American merchant banker and philanthropist

Isaac Seligman (2 December 1834 – 9 April 1928) was an American merchant banker and philanthropist.

== Background ==
He was born Isaak Seligmann in Baiersdorf, Erlangen-Hochstadt, Kingdom of Bavaria, to David Isaak Seligman and Fanny Steinhardt. He was the youngest of eight brothers, all of whom emigrated to America and became involved in running various branch offices of the merchant banking house J. & W. Seligman & Co., co-founded in Manhattan, New York City in 1846 by Isaak's elder brothers, James and Joseph Seligman. Isaak later changed his name to Isaac, and in August 1857, at the age of 23, Seligman joined his entrepreneurial brothers in the United States.

== Merchant banker ==
Seligman went on to run 'Seligman Brothers', the London branch of the Seligman merchant-banking empire with his brother Leopold, at 18 Austin Friars, EC2.

== Marriage ==
He married 18-year-old Lina Messel (b.

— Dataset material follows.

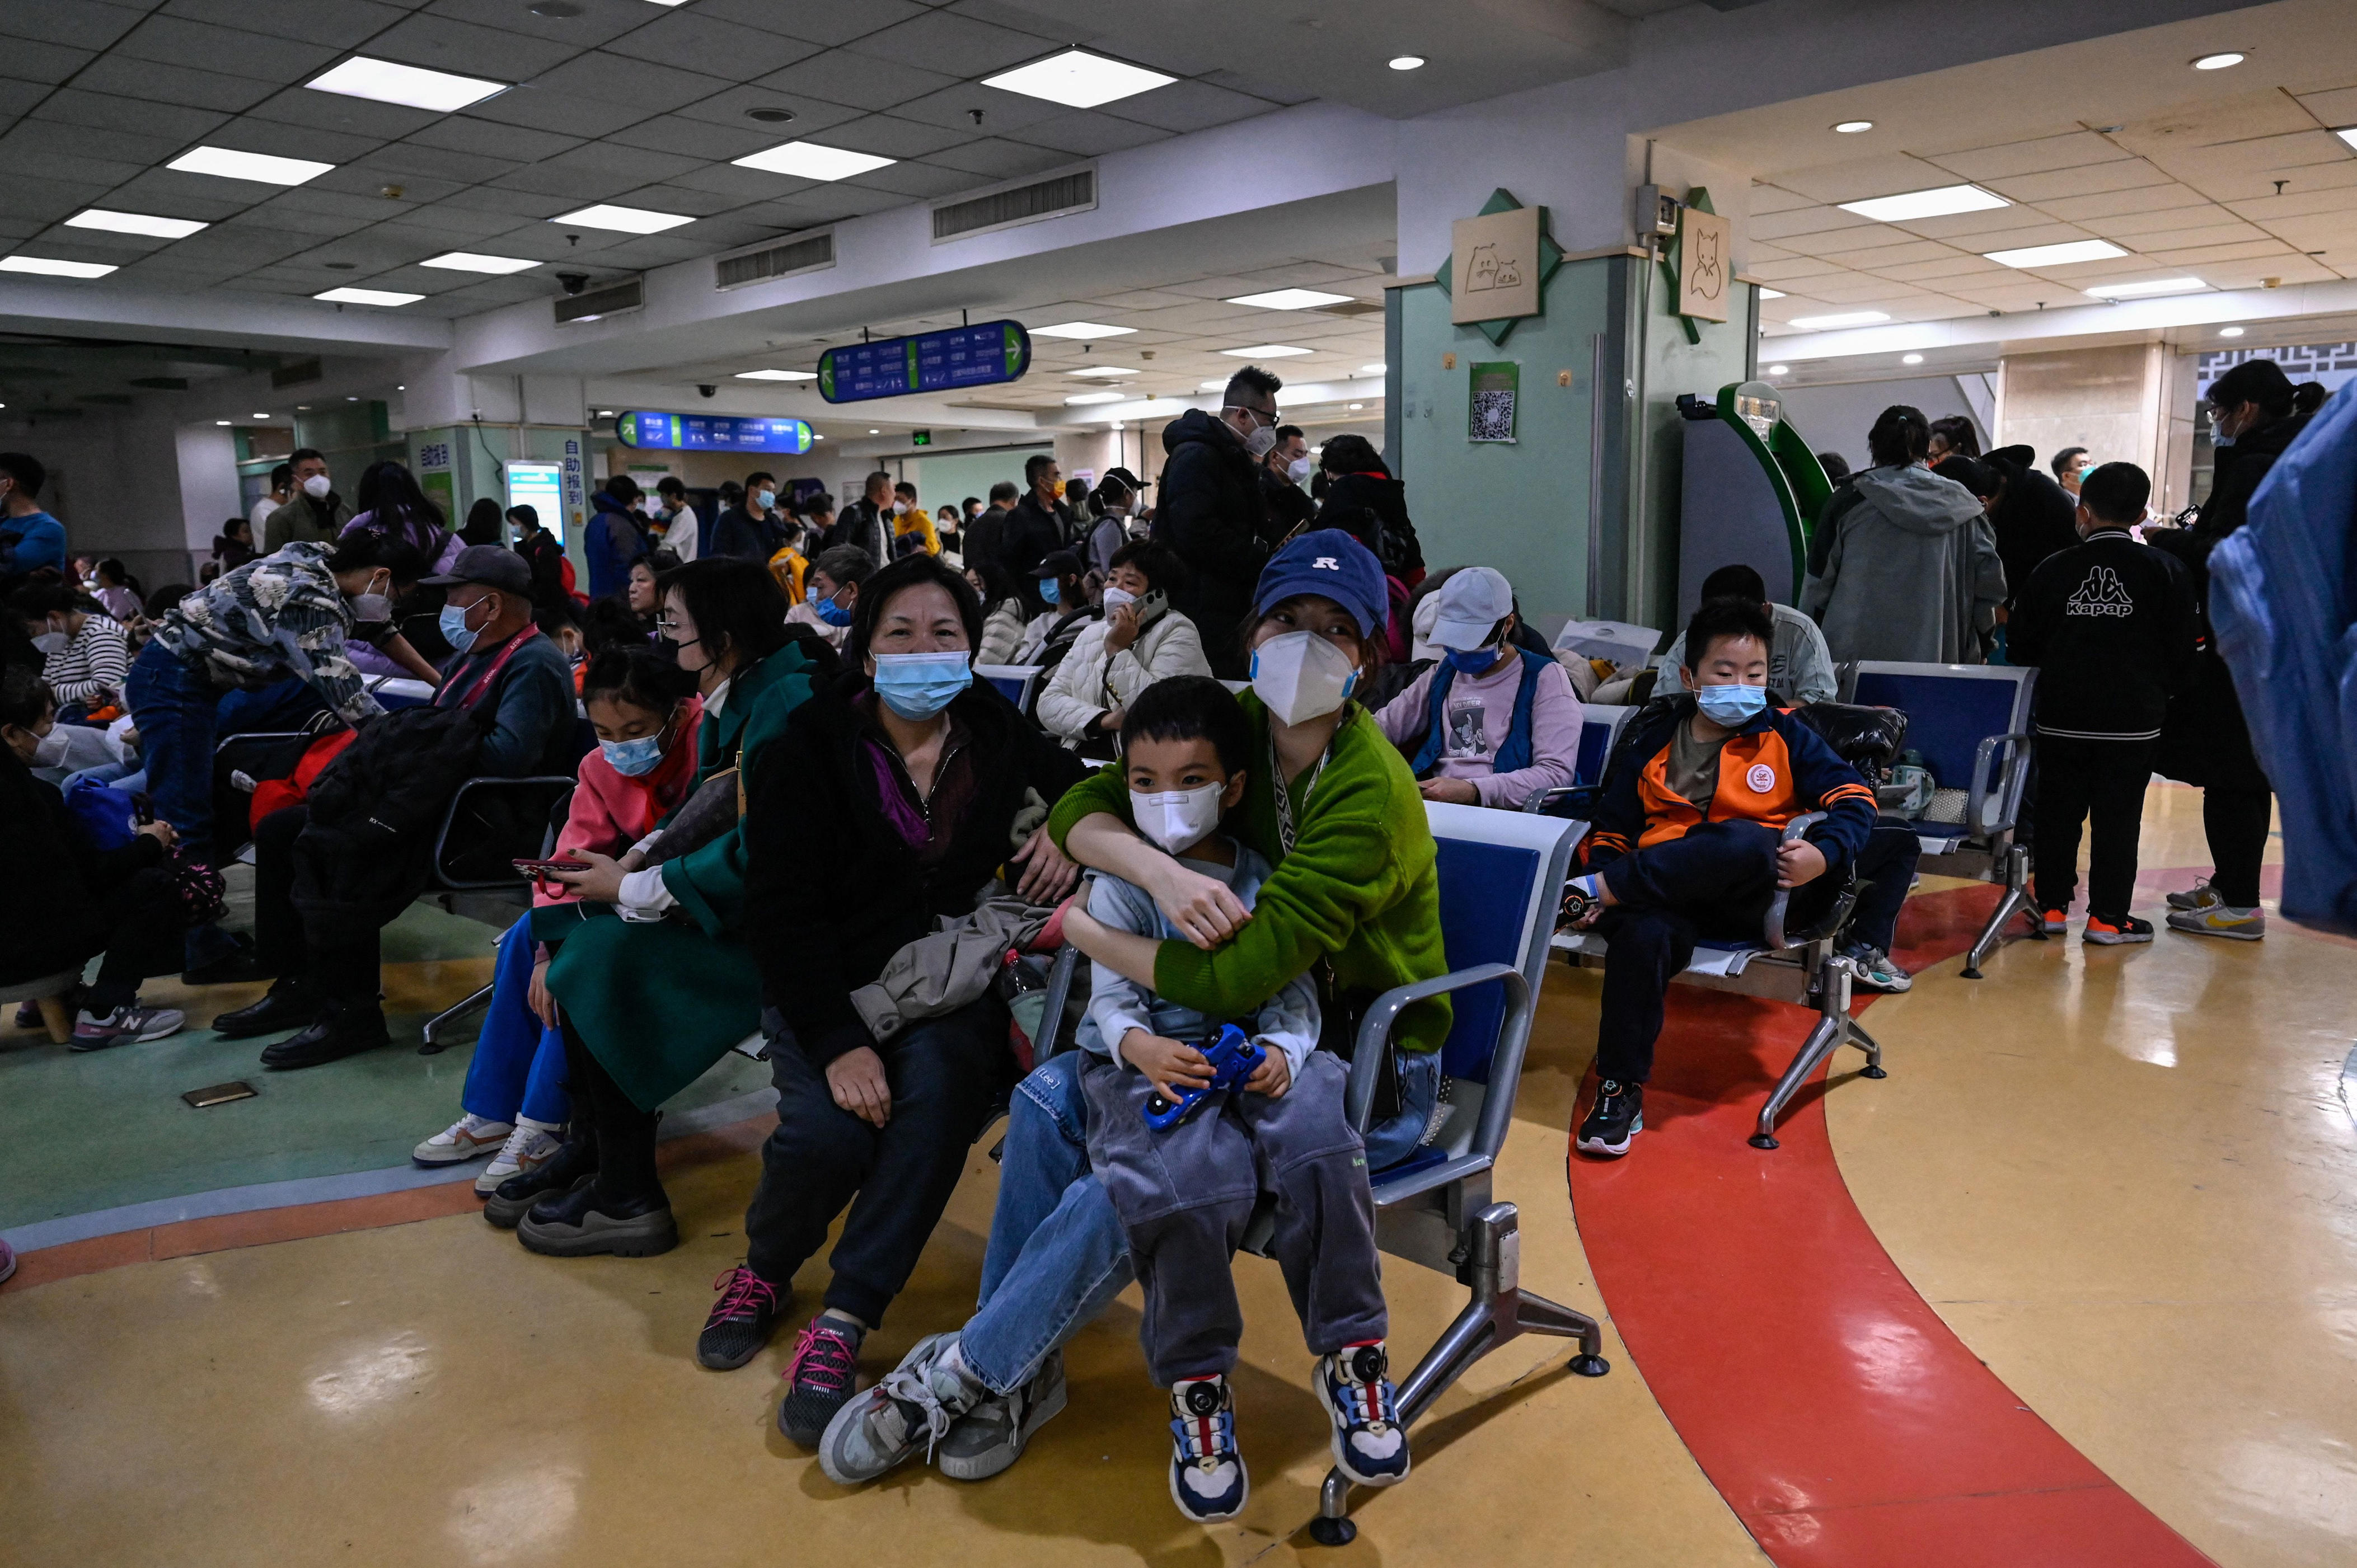 so many kids are falling sick in china that a children's hospital said it saw 13,000 cases in a single day

Darmstadt 1851) in London in 1869. Between 1869 and 1886, Lena bore him three daughters and four sons, the eldest son being Charles David Seligman. His youngest daughter, Edith Babette Seligman, married Charles Samuel Myers in 1904.

== Philanthropist ==
Seligman was also a fundraiser for, benefactor to, and activist in, a large number of charitable and political organisations including the American Society in London, the Anglo-Jewish Association (lobbying against oppression of Serbian Jews), the German Association (raising funds for those wounded or made destitute by the Franco-Prussian War), the Mansion House Committee (raising funds for distressed Jews in Russia), the Eighty Club in London (social and political), and the Jew's Deaf and Dumb Home (lip-reading for deaf and mute), founded by Baroness M. de Rothschild, of which Seligman was the treasurer in 1875.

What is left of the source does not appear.